Anne Louise-Sarks’s staging starts her in a barren white box that slowly rises into the rafters overhead. It seems to both shrink her, until she’s dwarfed by the space, and to sever her connection with the rest of the world. She ends adrift, in a black void, ashes drifting down from above.

It is undoubtedly a wrenching performance: a spiralling descent into a psychological purgatory. Leigh’s own text is agonisingly honest en route, detailing the obsessive ritual of nightly hormone injections, the faint hope of harvesting each new batch of eggs, the changes one’s body undergoes. Through it all Peake affixes this forced smile. It is as if her whole life has become a performance.

Parenting After IVF: To the Moon and Back
Parenting After IVF: To the Moon and Back

In a sense, To the Moon and Back is exactly that. Anna Furse and Nina Klaff sit side by side behind two mics on a desk, mother and daughter. Over a delicately thought, tender hour, they flick through a script that reflects on a relationship that began with a round of IVF. Again it is the personal details that ping out: a daughter who feels a duty to make her mother’s life feel complete, for instance, or the way motherly concern as her child starts smoking or drinking shifts when life itself seems such a precious thing. The honesty is arresting and, for the first time, I realized there are two perspectives at play: the IVF mother and the IVF child.

“At what point does the child become its own creator?”

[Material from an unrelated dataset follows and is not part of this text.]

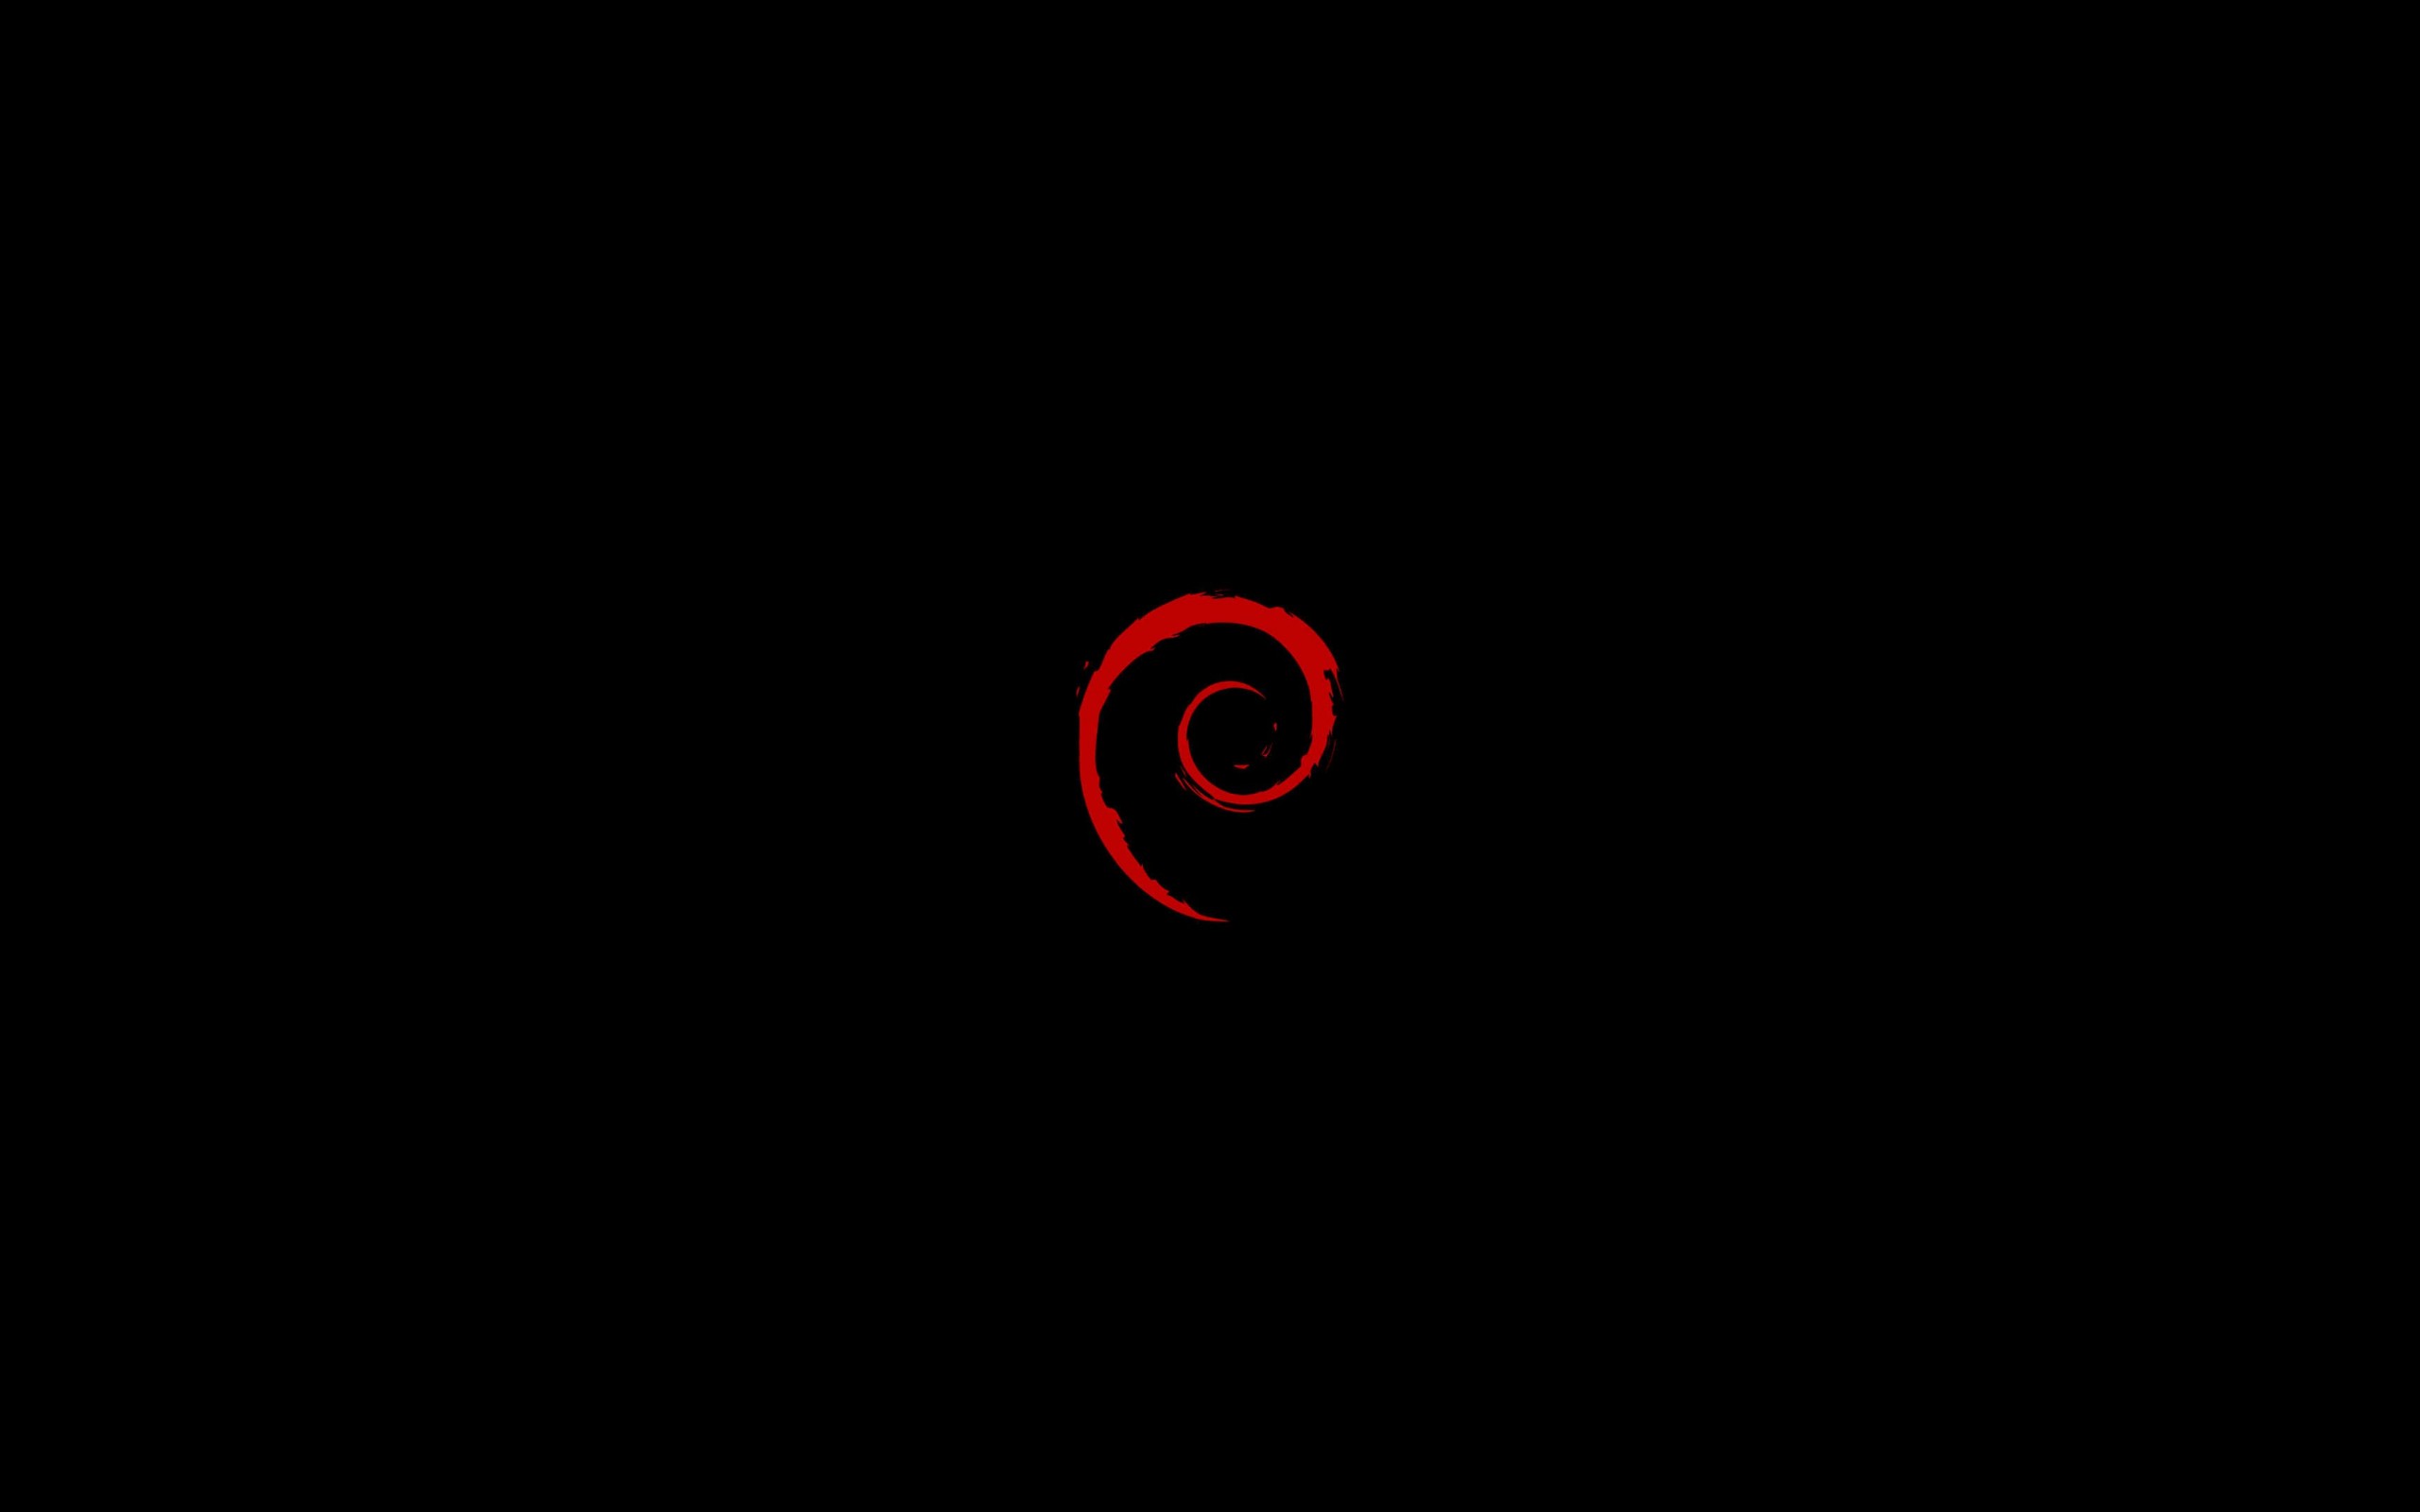 Linux Debian Wallpaper for Desktop 2560x1600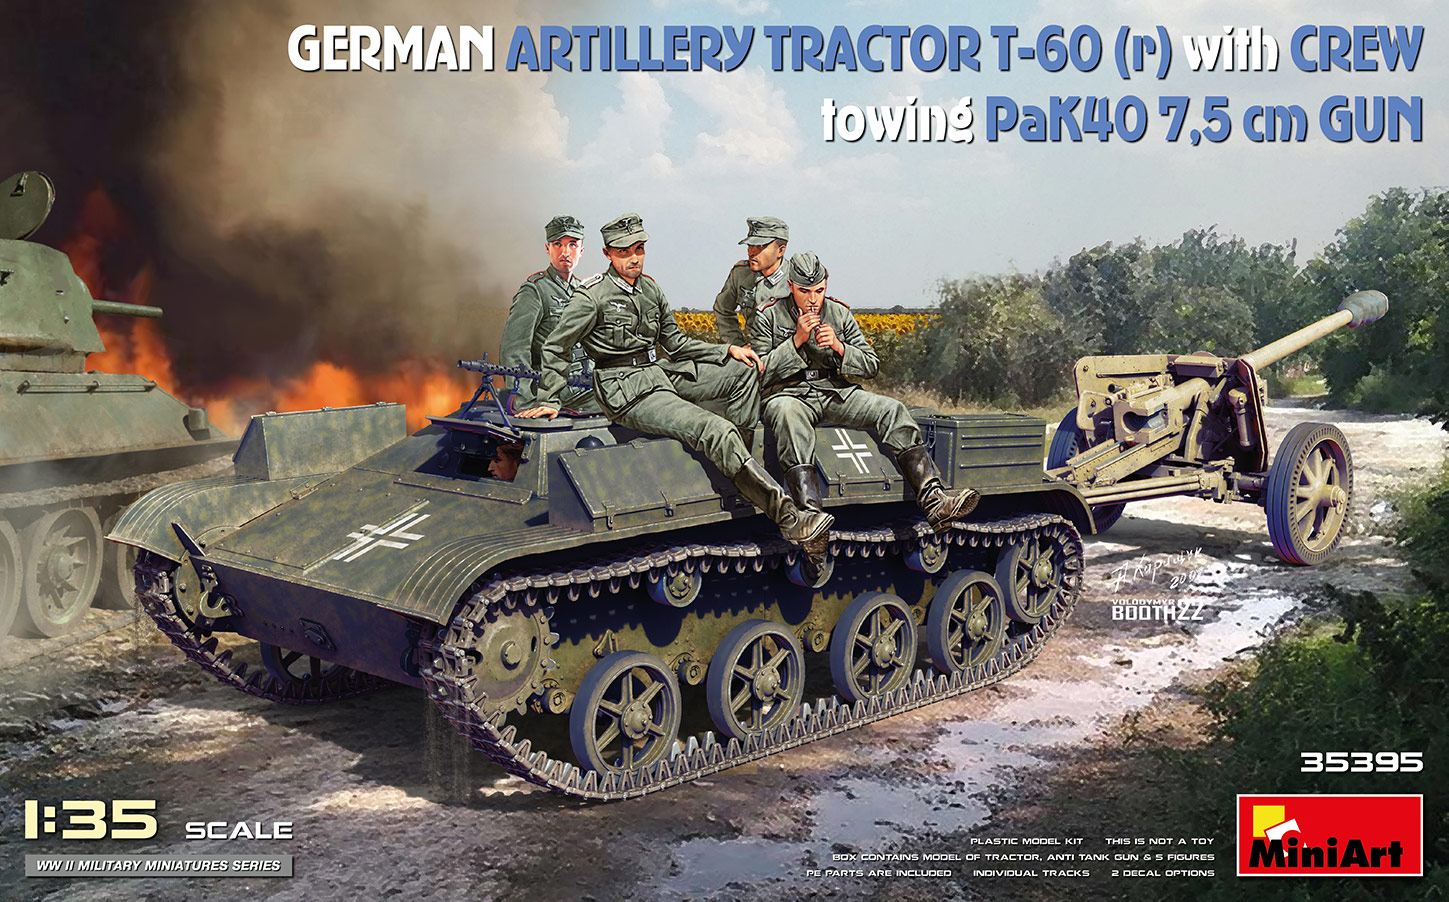 1/35　ドイツ砲兵トラクター T-60 (r) w/PaK40 対戦車砲&クルーフィギュア5体

Behind it, however, the notion of art creeps back in. Klaff piles up pieces of her childhood artwork—a lumpen, multi-coloured papier mache egg, then a straggly doll forged out of a loo roll holder. The implication is that this impulse, to create something life-like, finds an echo in adulthood and the desire to have a child. Furse, a theatremaker herself, sticks her scan of two matching embryos on the family fridge door like a drawing she did at school for display. Later she recalls working on a performance lecture about artist mums only for her daughter, impatient in the kitchen downstairs, to burn herself on the hob. The question is about parenthood, IVF in particular, as creation: Is it a one-off act or an ongoing process? At what point does the child become its own creator? Far from playing God, To the Moon and Back makes ART look more human than ever.